Trop de pollution : un constat partagé
Fin 2012, Francis Chateauraynaud et Josquin Debaz, chercheurs du groupe de sociologie pragmatique et réflexive (GSPR), développent un observatoire des alertes et des controverses en santé environnementale conçu pour l’agence sanitaire ANSES, qui n’est pas emballée par l’idée d’étudier le dossier des particules fines. Elle renvoie les chercheurs vers l’Institut de veille sanitaire — intégré depuis dans Santé publique France. Parallèlement, les associations France nature environnement, Les Amis de la Terre et d’autres reviennent sur le front des émissions de particules. Tout le monde fait alors le même constat : il règne une très forte inertie dont on ne sait comment sortir, l’industrie automobile française ayant privilégié, on le sait, le diesel depuis plusieurs décennies.
S’organiser en collectif pour remobiliser
Fin 2013, le collectif des Poumons de Paris se crée autour d’un petit noyau : deux sociologues, un ingénieur aménageur militant de Vélorution, un médecin généraliste, un enseignant proche d’EELV, un parent d’élève, une semi-marathonienne… Quelques réunions, des contacts avec l’association Respire nouvellement créée et, au fil de pics de pollution devenant plus que tangibles, l’affaire prend forme, à la faveur d’une belle fenêtre d’opportunité début 2014 avec les élections municipales. Fort de centaines de soutiens, le collectif produit une analyse critique, envoie des émissaires dans les réunions publiques et adresse une lettre ouverte aux candidat·es. Le groupe porte une revendication dans l’air du temps : l’ouverture par le ou la prochain·e maire de Paris d’une conférence de citoyen·nes sur la pollution de l’air. Une fois élu·es, les écologistes entré·es au Conseil de Paris reprennent l’idée, et la conférence se tient à l’automne 2014. Pour Les Poumons de Paris, la démonstration esr faite : un collectif peut amener les pouvoirs publics à se saisir d’enjeux sanitaires et écolo, ici la pollution de l’air.

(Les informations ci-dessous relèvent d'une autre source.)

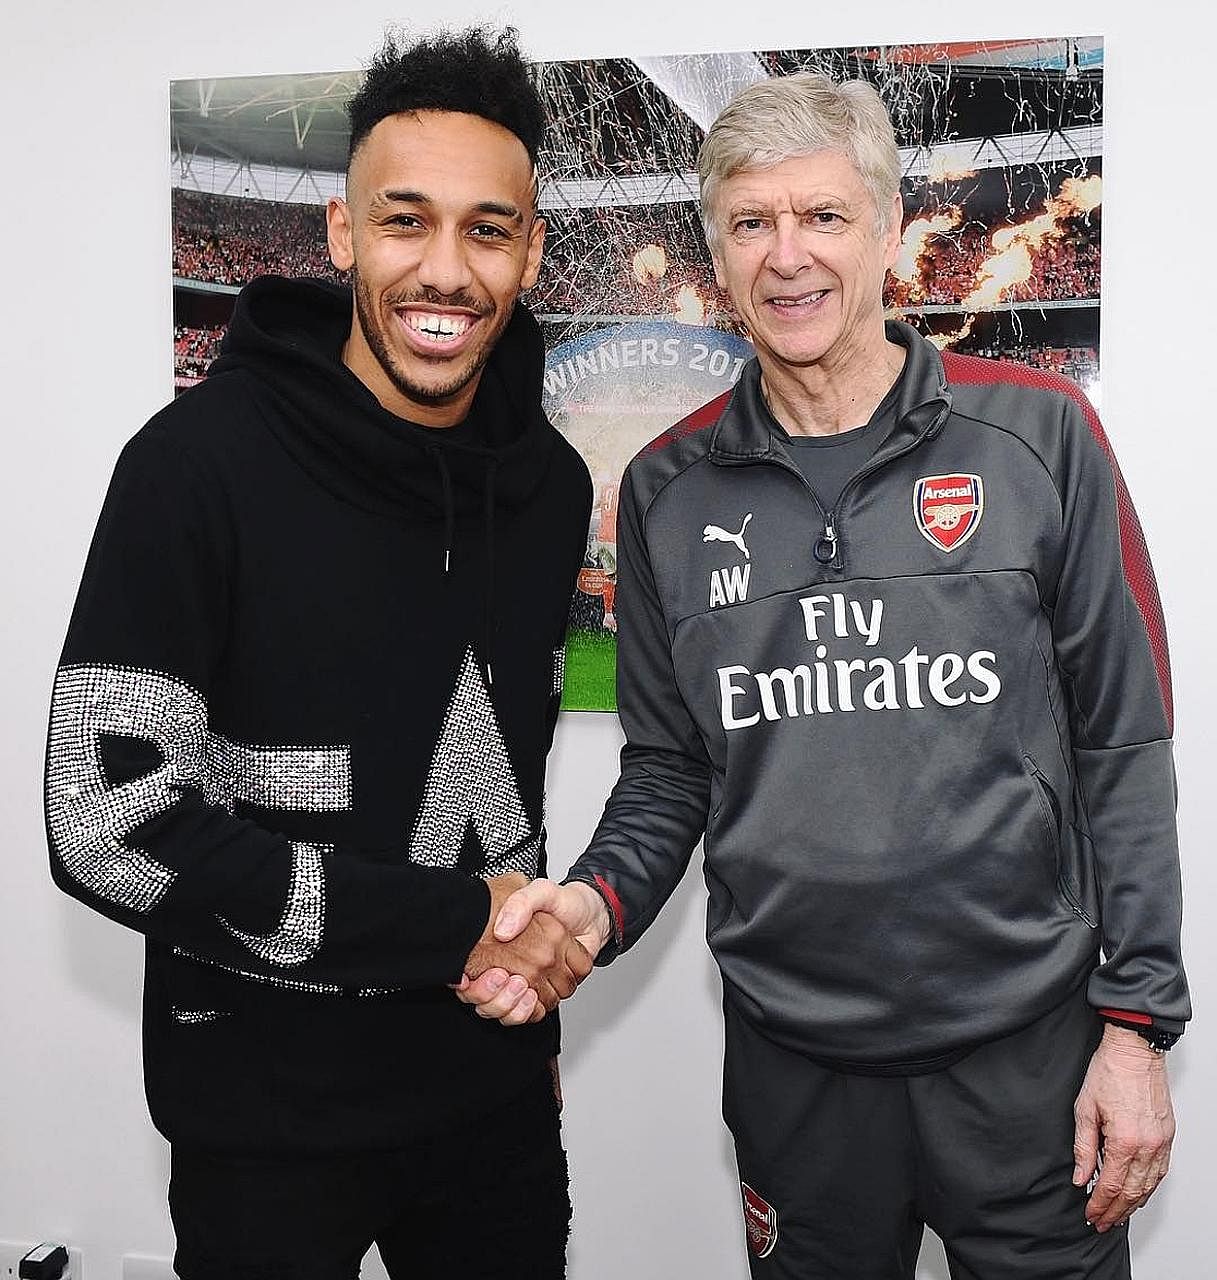 Pierre-Emerick Aubameyang being welcomed at Arsenal's training centre in London Colney by manager Arsene Wenger, who has singled out the striker's "huge physical capacity" as being important to his success in the Premier League.

Depuis, la Ville de Paris n’a cessé de développer des initiatives contre la pollution automobile, avec une extension assez massive des pistes cyclables et des zones piétonnes, l’interdiction de certains types de voitures, la libération de zones affectées au trafic (dont les quais de Seine), etc. Pour ce qui est du collectif, deux ou trois de ses membres ont poursuivi pendant quelques années les fils d’informations, puis le collectif s’est progressivement dispersé, même s’il est toujours possible de le réactiver.